Под этой обложкой собраны лучшие произведения классика мировой литературы, гениального писателя, поэта и драматурга Оскара Уайльда – человека, который не боялся бросить вызов обществу и для которого Искусство стало спасением от скуки, пошлости и лицемерия викторианской Англии. Его единственный роман «Портрет Дориана Грея» о декадансе, двуличии и красоте, который стал своеобразной проповедью теории эстетизма, остроумнейшая из когда-либо шедших на британской сцене комедия «Как важно быть серьезным», чудесные сказки и яркие ироничные рассказы – небольшая, но любимая многими часть блистательного творческого наследия Оскара Уайльда.

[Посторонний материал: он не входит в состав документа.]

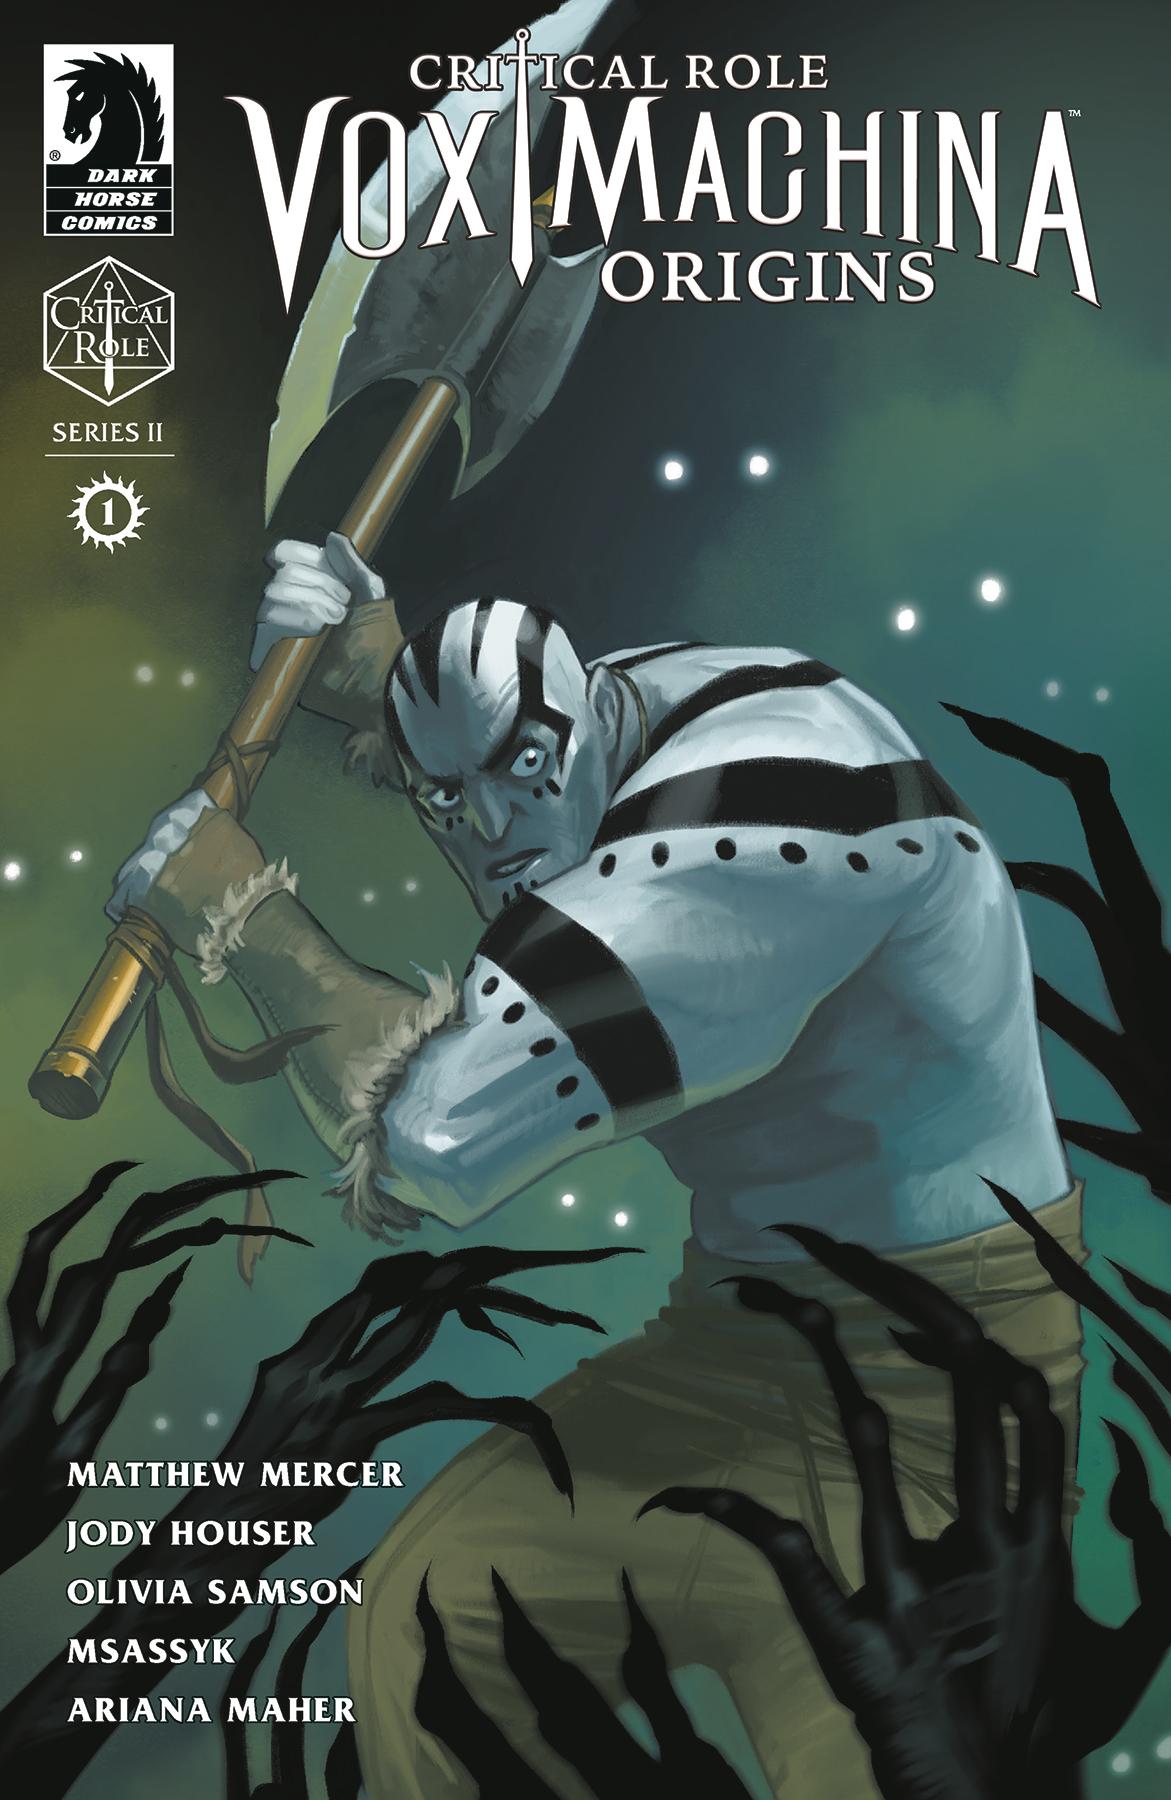 Critical Role: Vox Machina Origins II no. 1 (1 of 6) (2019 Series)

© Книжный Клуб «Клуб Семейного Досуга», издание на русском языке, 2016

© Книжный Клуб «Клуб Семейного Досуга», художественное оформление, 2016

© ООО «Книжный клуб “Клуб семейного досуга”», г. Белгород, 2016

Портрет Дориана Грея

Предисловие

Художник – человек, создающий прекрасное. Цель искусства состоит в том, чтобы показать себя и спрятать художника. Критик – человек, который может по-новому отразить свои впечатления от прекрасного. Высшей и в то же время самой бездарной формой критики является автобиография. Люди, которые находят отвратительные черты в прекрасном, испорчены. У них самих не осталось ничего прекрасного. И это ошибка.

Те, кто видит в прекрасном только прекрасное, – избранные. Для них еще остается надежда. Они одни из немногих, для кого прекрасные вещи означают красоту.

Нет моральных или аморальных книг. Есть хорошо написанные книги, а есть плохо написанные книги. Вот и все.

В девятнадцатом столетии людям не нравится реализм: он делает их злыми, как Калибан

[1]

, когда тот в зеркале видит свое лицо.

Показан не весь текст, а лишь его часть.